▸ Work required
Below are entries. Copy exactly the lines running from the line that holds "cute dog bg transparnet.png" to the line that holds "5923af07eaef98 Jordan Jumpman", with both ends included.

▸ Source material

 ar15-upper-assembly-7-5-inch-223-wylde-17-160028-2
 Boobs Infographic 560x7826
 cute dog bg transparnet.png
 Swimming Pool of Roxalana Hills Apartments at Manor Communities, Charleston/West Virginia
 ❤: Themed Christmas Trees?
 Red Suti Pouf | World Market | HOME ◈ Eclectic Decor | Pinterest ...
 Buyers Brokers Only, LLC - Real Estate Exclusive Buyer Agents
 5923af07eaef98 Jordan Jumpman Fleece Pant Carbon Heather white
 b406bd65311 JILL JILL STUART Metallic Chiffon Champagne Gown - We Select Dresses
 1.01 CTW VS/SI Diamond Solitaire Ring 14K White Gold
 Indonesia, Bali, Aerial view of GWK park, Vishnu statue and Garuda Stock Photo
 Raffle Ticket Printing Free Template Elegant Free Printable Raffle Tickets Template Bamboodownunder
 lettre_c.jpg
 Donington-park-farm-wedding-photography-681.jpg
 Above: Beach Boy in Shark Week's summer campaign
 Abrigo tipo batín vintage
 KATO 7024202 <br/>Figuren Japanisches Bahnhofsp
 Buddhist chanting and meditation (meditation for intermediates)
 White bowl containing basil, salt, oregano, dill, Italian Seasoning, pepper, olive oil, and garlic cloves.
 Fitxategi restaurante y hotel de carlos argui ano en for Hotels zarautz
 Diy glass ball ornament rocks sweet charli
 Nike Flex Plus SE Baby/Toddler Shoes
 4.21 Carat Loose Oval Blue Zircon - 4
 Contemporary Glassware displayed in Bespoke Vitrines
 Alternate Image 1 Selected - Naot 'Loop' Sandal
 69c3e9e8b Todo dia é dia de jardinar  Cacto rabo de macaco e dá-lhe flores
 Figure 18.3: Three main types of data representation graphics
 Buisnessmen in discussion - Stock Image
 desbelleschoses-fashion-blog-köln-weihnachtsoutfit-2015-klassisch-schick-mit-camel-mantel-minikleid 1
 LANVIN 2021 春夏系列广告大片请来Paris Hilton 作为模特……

▸ Final answer
 cute dog bg transparnet.png
 Swimming Pool of Roxalana Hills Apartments at Manor Communities, Charleston/West Virginia
 ❤: Themed Christmas Trees?
 Red Suti Pouf | World Market | HOME ◈ Eclectic Decor | Pinterest ...
 Buyers Brokers Only, LLC - Real Estate Exclusive Buyer Agents
 5923af07eaef98 Jordan Jumpman Fleece Pant Carbon Heather white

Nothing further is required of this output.